U.S. Soccer Chief Watches History Unfold in Moscow

Share
TIMES STAFF WRITER

Alan Rothenberg, president of the U.S. Soccer Federation, toured the Kremlin Monday in Moscow, even as military vehicles rolled through the streets outside.

Although he and his wife, Georgina, were told beforehand that it had been announced on state radio that Soviet President Mikhail S. Gorbachev was ill and had resigned, Rothenberg was unprepared for the sight that greeted him as he left the Kremlin.
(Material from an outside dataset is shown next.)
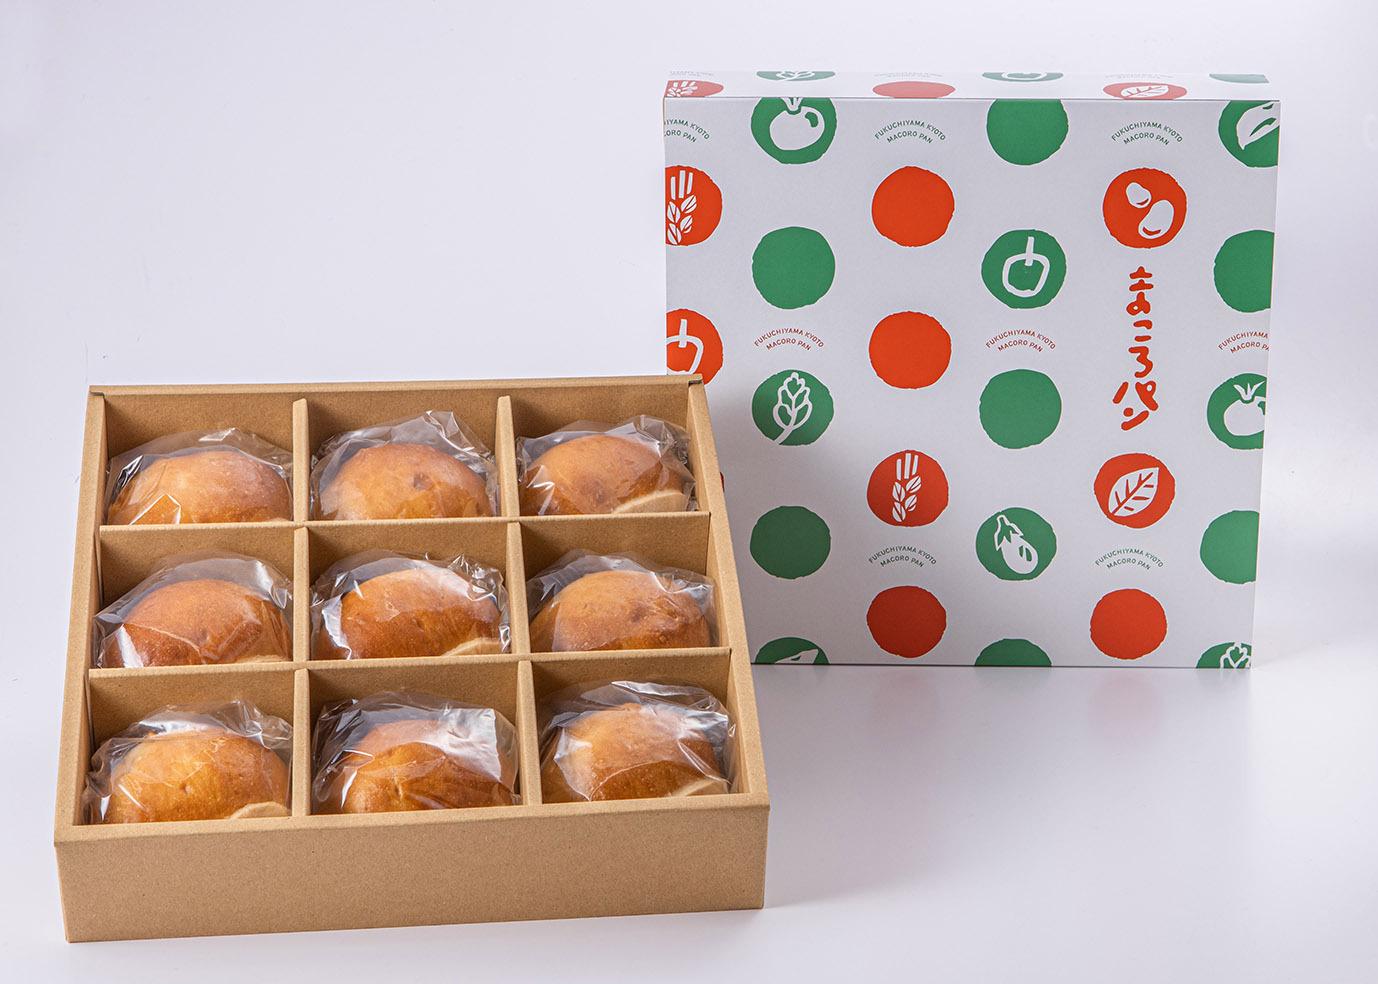 【秋限定!数量限定】まころの栗パン 9個入りボックス

“Man, it was a shock,” he said Wednesday from Montecanti, Italy, where he is attending an international youth soccer tournament. “The entire Kremlin was ringed with tanks and trucks.”

Advertisement

Rothenberg flew into Moscow on Saturday to watch the U.S. national team play the Soviets in an exhibition that night.
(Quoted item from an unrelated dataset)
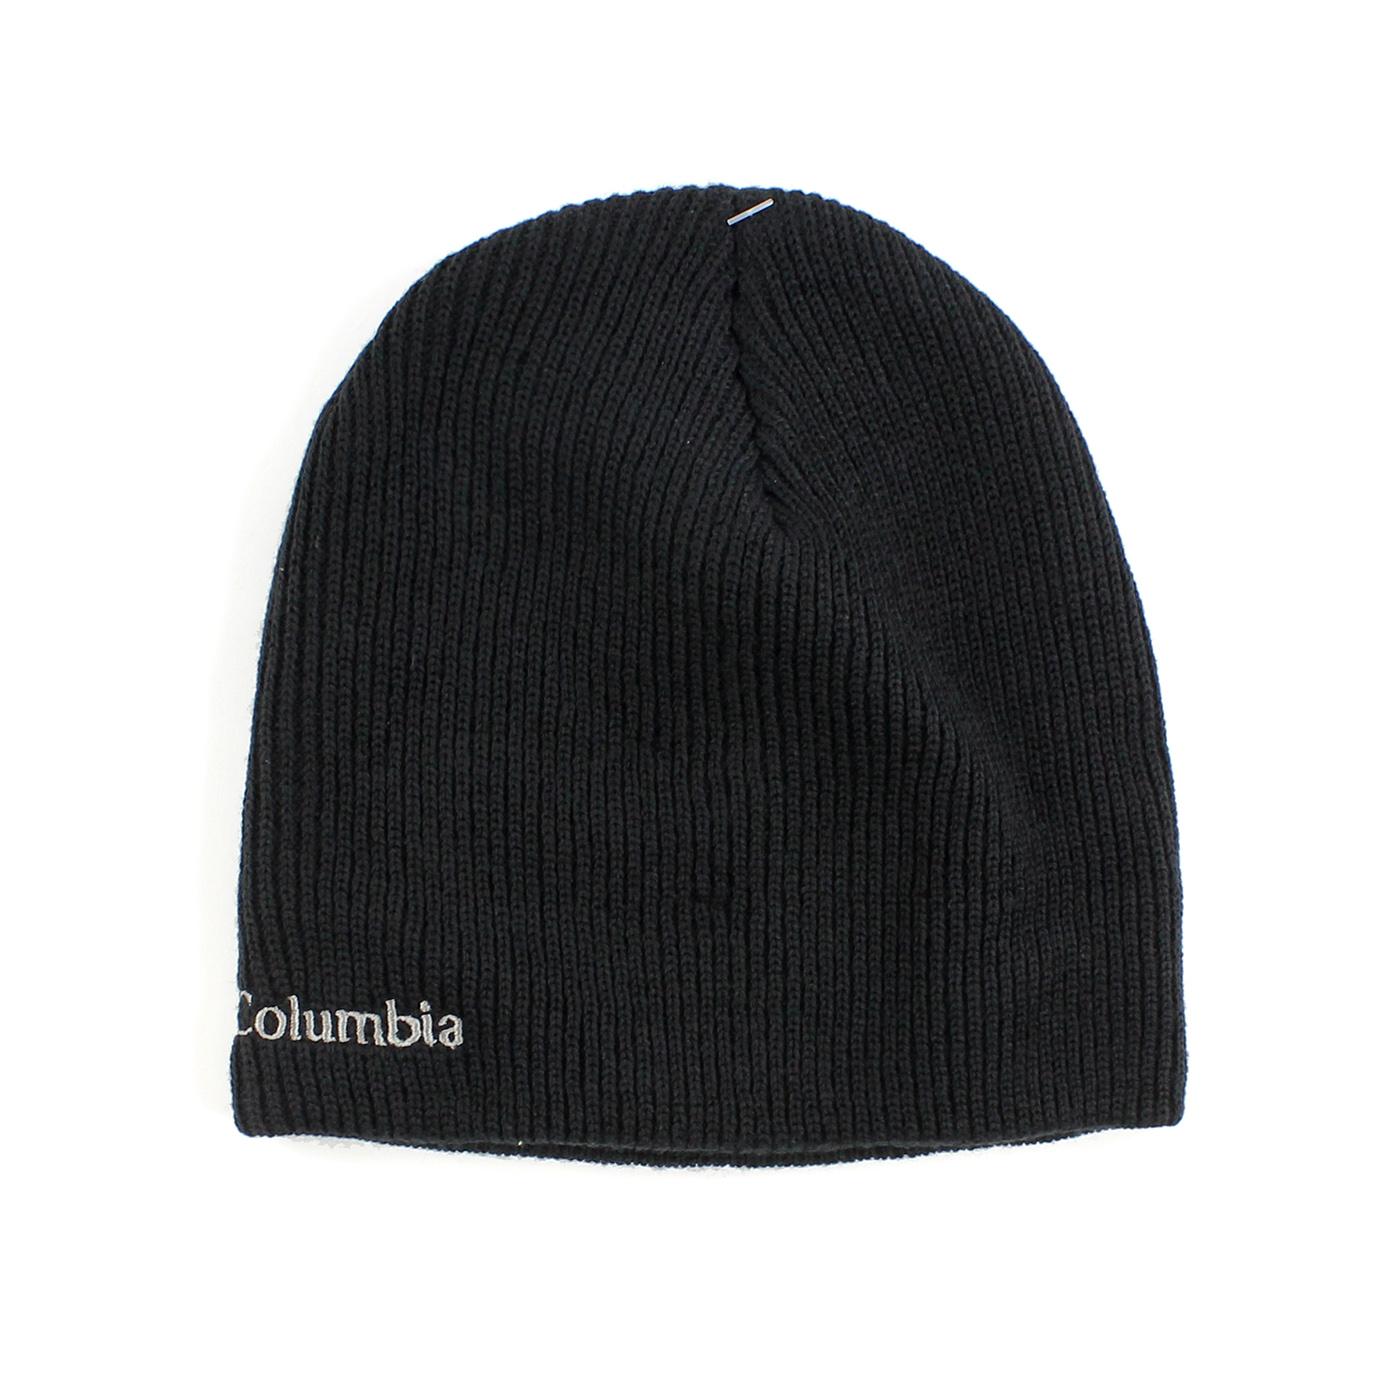 美國百分百【全新真品】Columbia 哥倫比亞 帽子 毛線帽 毛帽 針織帽 保暖 登山 戶外運動 配件 黑色 F766

After losing to the Soviets, 2-1, the U.S. team left Moscow on Sunday morning, but the Rothenbergs stayed to meet with Soviet soccer officials and to sightsee.

“I hadn’t been to the Soviet Union before,” Rothenberg said. “It was an interesting visit.”
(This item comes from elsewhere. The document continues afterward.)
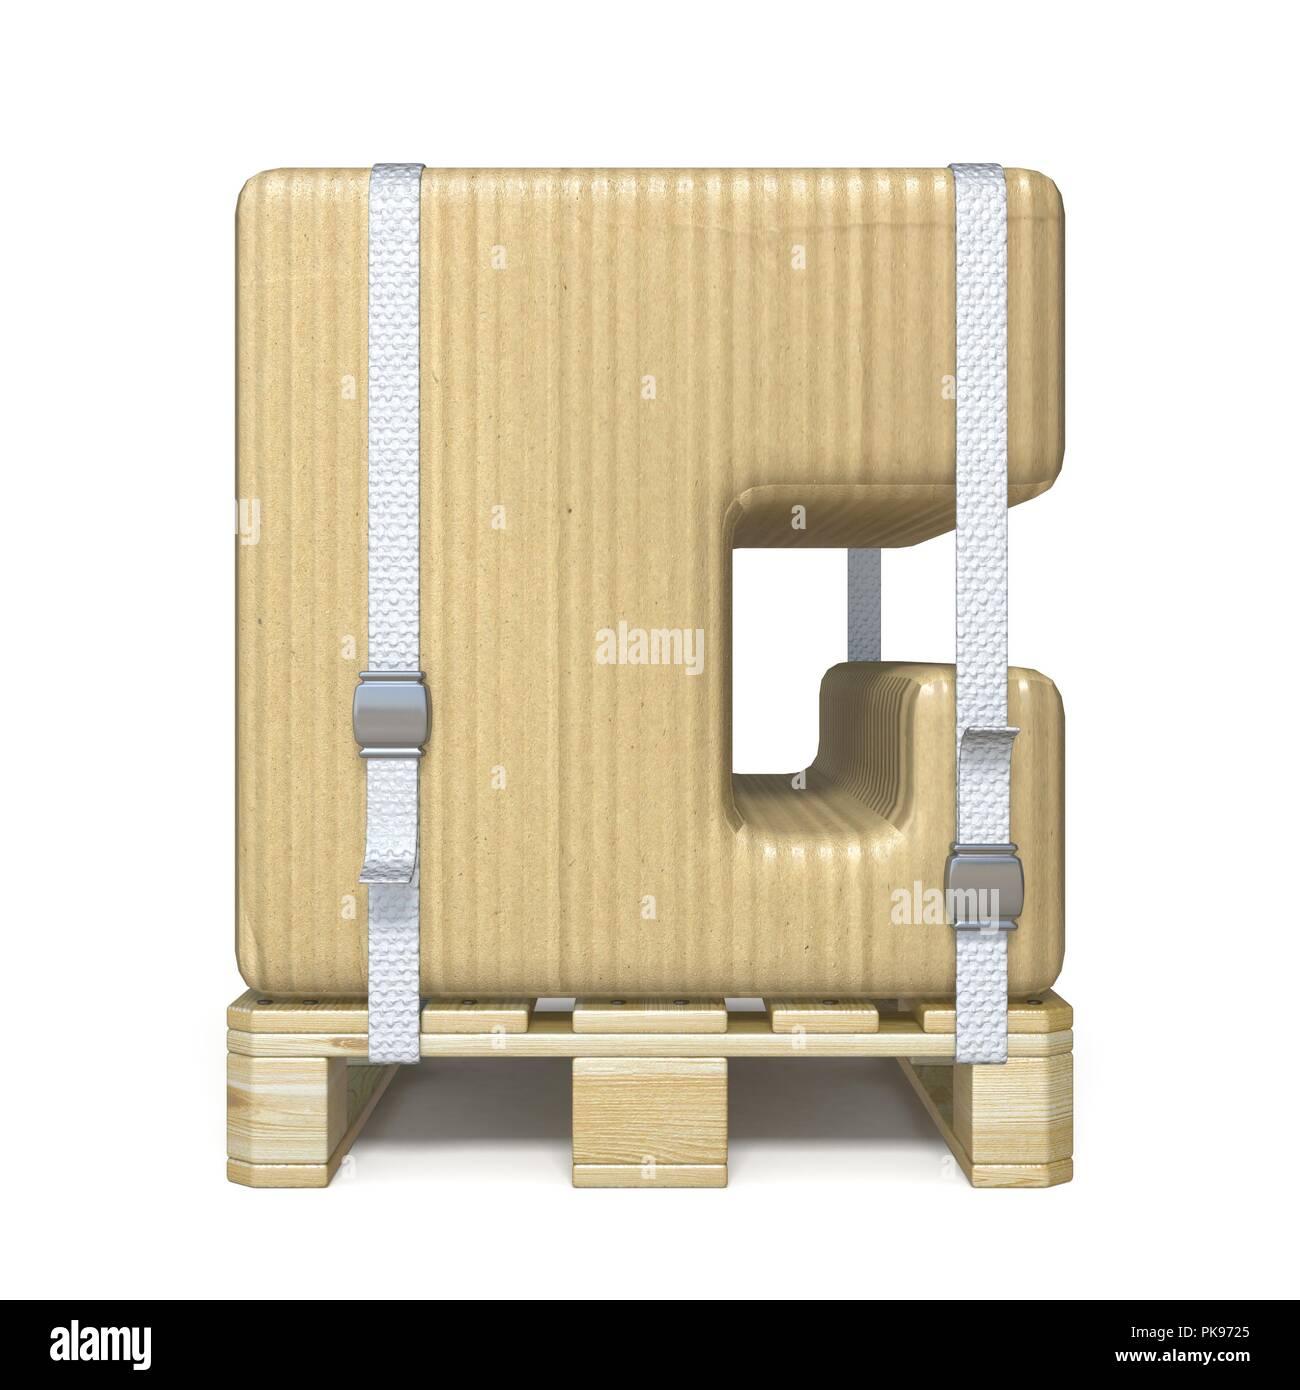 Karton font Buchstaben G auf Holzpalette 3D-Render Abbildung ...

Rothenberg toured Leningrad Sunday and returned by plane to Moscow later in the day.

“The actual happenings were a total shock to everybody,” he said of Monday’s attempted coup. “We had been there for two days, and many of the people we were with were very open in discussing the very difficult situation that existed there, from an economic standpoint. So, in that sense, it really wasn’t a shock, but I think nobody had any inkling that this was in the works.

“In fact, we were going on a tour of the Kremlin Monday morning, and we were met at 8 o’clock and told that it was just announced that Gorbachev had resigned.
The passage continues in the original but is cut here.